Lynx, cerfs, bouquetins : une conférence s'intéresse au retour de la grande faune sauvage des Alpes
Au bord de l'extinction il y a un peu plus d'un siècle, cerfs, bouquetins, lynx ou loups ont amorcé leur grand retour ces dernières décennies sous nos latitudes. Quelles en sont les raisons et comment coexister avec eux ? Une conférence prévue vendredi à Sion tentera d'y répondre.

Cerf, chamois, lynx ou encore loup. Pour quelles raisons certains animaux ont-ils fait leur retour dans les Alpes ces dernières décennies. Et comment apprendre à vivre à leurs côtés ? Ces questions seront abordées lors d’une conférence qui se tiendra ce vendredi à Sion, et organisée par la Société valaisanne des sciences naturelles et Fauna Valais.

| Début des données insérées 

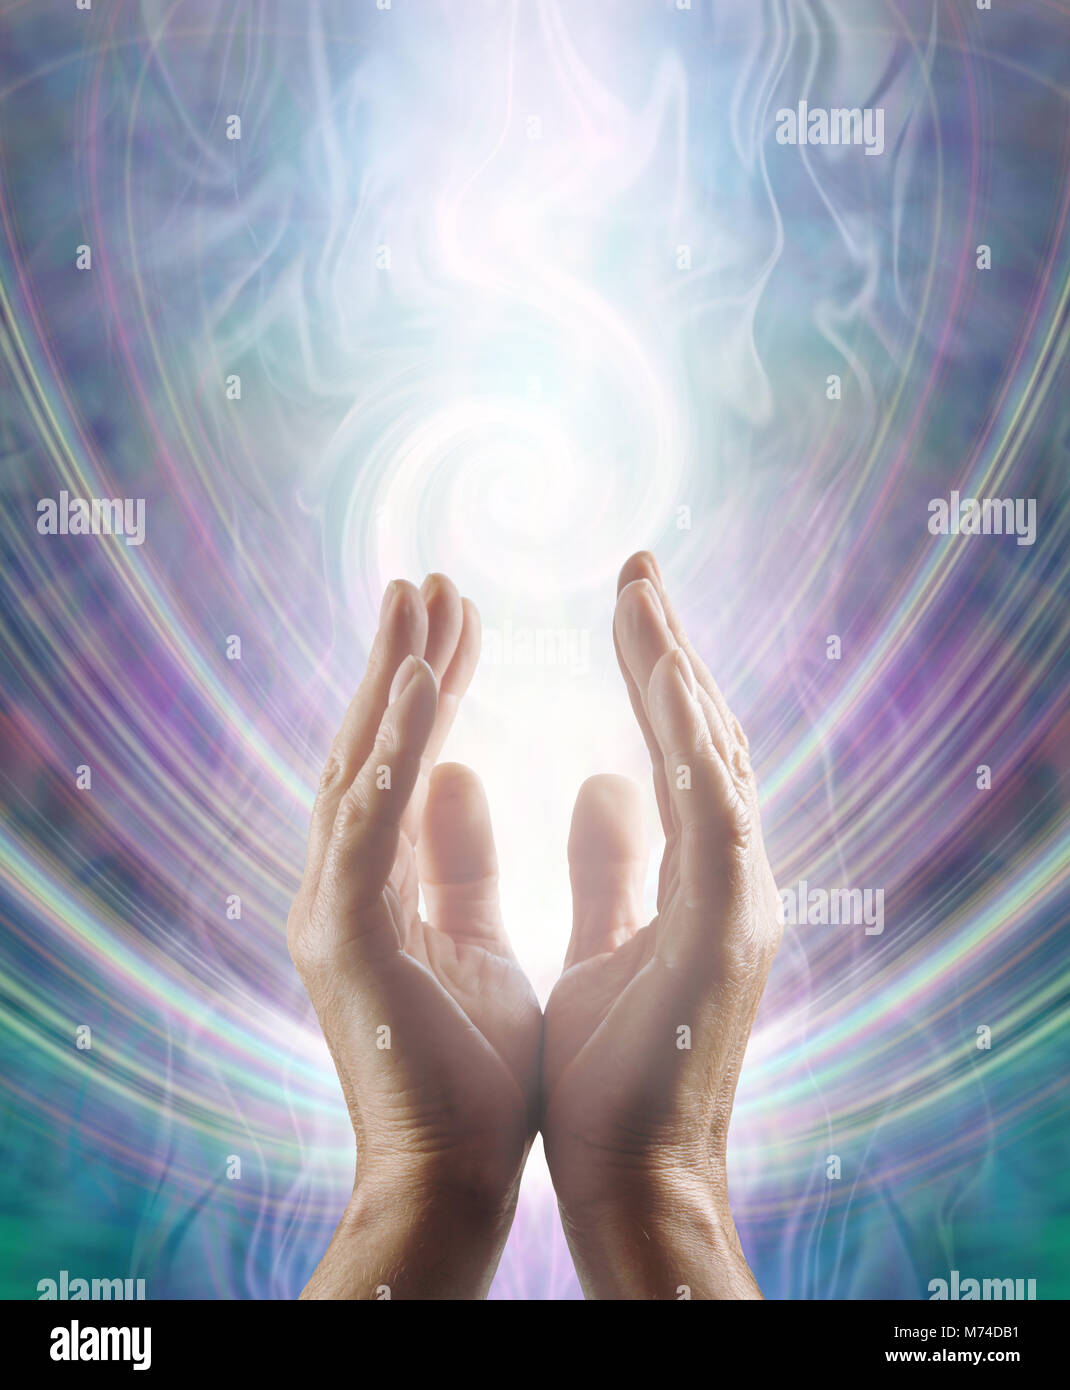 Sensing Spiralling Healing Energy - male  hands reaching up and sensing an ethereal spiralling white light flowing energy form with copy space Stock Photo

Sous le titre "Relations prédateurs-proies en Valais", l’événement mettra en lumière plusieurs animaux représentatifs de la faune du canton. Avec comme objectif de comprendre quelles sont les conséquences que ces retours d'espèces dans les Alpes entraînent.
Autre objectif de la conférence, se poser la question de la coexistence avec ces animaux. "Parce qu'il ne faut pas oublier que la résilience d'un écosystème est liée au nombre d'espèces qu'on va y rencontrer. Et en ce moment, on est en train d'éradiquer la biodiversité à très large échelle sur l'ensemble des écosystèmes de la planète", explique Raphaël Arlettaz :
Faune exterminée par le passé
Alors que des animaux comme le bouquetin ou le cerf ont été réintroduits dans les Alpes dès le début du 20ᵉ siècle, d’autres, à l’instar du lynx, l’ont été plus récemment.
Encore faut-il comprendre pour quelles raisons ces animaux avaient disparu de ces régions.
Certaines espèces sont, quant à elles revenues de manière naturelle. C'est le cas du loup.
Est-il possible de cohabiter avec ce grand prédateur ou à l'inverse, faut-il réguler sa présence ? "La lutte contre la grande faune agissant comme un concurrent est une vieille histoire", répond Raphaël Arlettaz.
"Evidemment, quand les animaux de rente sont visés, on s'en prend aux prédateurs qui causent ces dommages, on peut le comprendre. Mais d'autre part, il y a le souci de ceux qui exploitent la faune sauvage, notamment par la chasse. Eux voudraient être les seuls à pouvoir exploiter cette population de proies", relève ce dernier, avant d'ajouter qu'au fond, la coexistence est possible.
"Il faut juste faire preuve de bonne volonté et accepter le fait que d'autres espèces vivent aussi sur le territoire".
La conférence sur le sujet, aura lieu à 20h15 ce vendredi à l'Aula Energypolis à Sion. L'entrée y est libre.